In 2024, content creator Bridget Bahl was newly married to her husband, Mike, and hoping to start a family. Sharing that process online—where some 1.7 million people followed along as she dated and then planned her wedding—seemed only natural, especially as she underwent rounds of IVF.
She was on her sixth when she felt the lump. At first, she mistook it for a side effect of her IVF medication. “Your breasts change so much during the cycle, so I thought it had something to do with that,” the 42-year-old says. “In my mind, if you have cancer, it’s going to feel like a marble, something hard and foreign. That’s not how this felt.”
At her next fertility check-in, about two weeks later, she asked the doctor to take a look at the lump. Things moved quickly from there: She underwent a mammogram, an ultrasound, and a biopsy in a single day, all of which revealed that she had a golf-ball-size something in her right breast. (“I’m a B cup on my best days,” Bahl jokes. “How could I be hiding a golf-ball-size anything in there?”) Next came the diagnosis of invasive ductal carcinoma, HER2+ hormone-receptor-negative breast cancer—stage 2 breast cancer that had spread to a nearby lymph node.
While the American Cancer Society reports that the median age for a breast cancer diagnosis is 62, the last decade has shown a major uptick in women under 50 discovering that they have breast cancer. And Bahl had no history of it in her family: No BRCA, no genetic predisposition, not even a single abnormal mammogram among her nine aunts, mother, and maternal grandmother. “My first thought was that I had done this to myself, maybe with the IVF,” Bahl says.
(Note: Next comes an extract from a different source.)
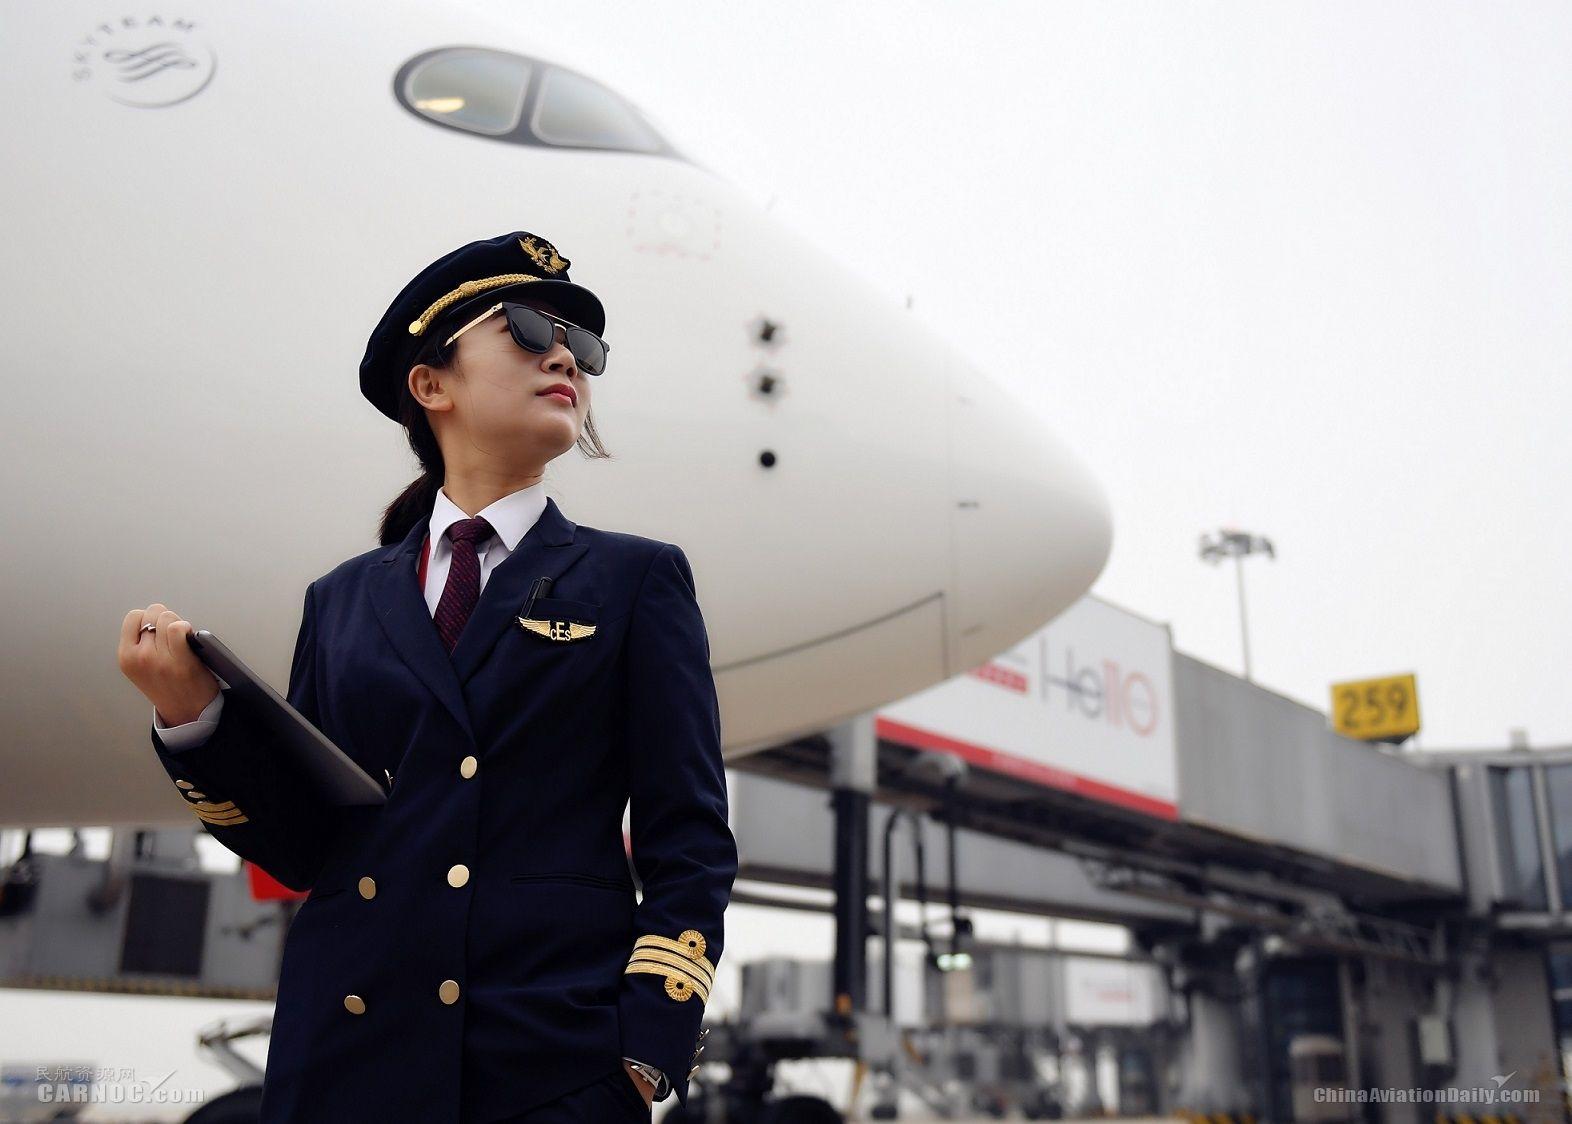 东航A350飞行员:从文科女到空客飞行员的华丽转变

It’s a fairly common misconception. “I’ve been doing this for nearly 15 years, and I would love to tell you that this is the first time a patient has discovered they have cancer during IVF, but it’s not,” says Brian Levine, MD, Bahl’s Manhattan doctor, who is double board-certified in reproductive endocrinology and infertility and obstetrics and gynecology. According to the American Society for Reproductive Medicine, however, no studies have found a correlation or association between taking fertility drugs and developing breast cancer. Instead, what tends to happen is that as women begin fertility treatment, they suddenly pay especially close attention to their bodies. “We know that breast cancer will affect anywhere between one in six to one in eight women during their lives,” Dr. Levine says. “It just ends up that, when people go to fertility clinics, sometimes it’s the first time that they’re actually going to a doctor regularly. That’s when you’re more likely to discover something.”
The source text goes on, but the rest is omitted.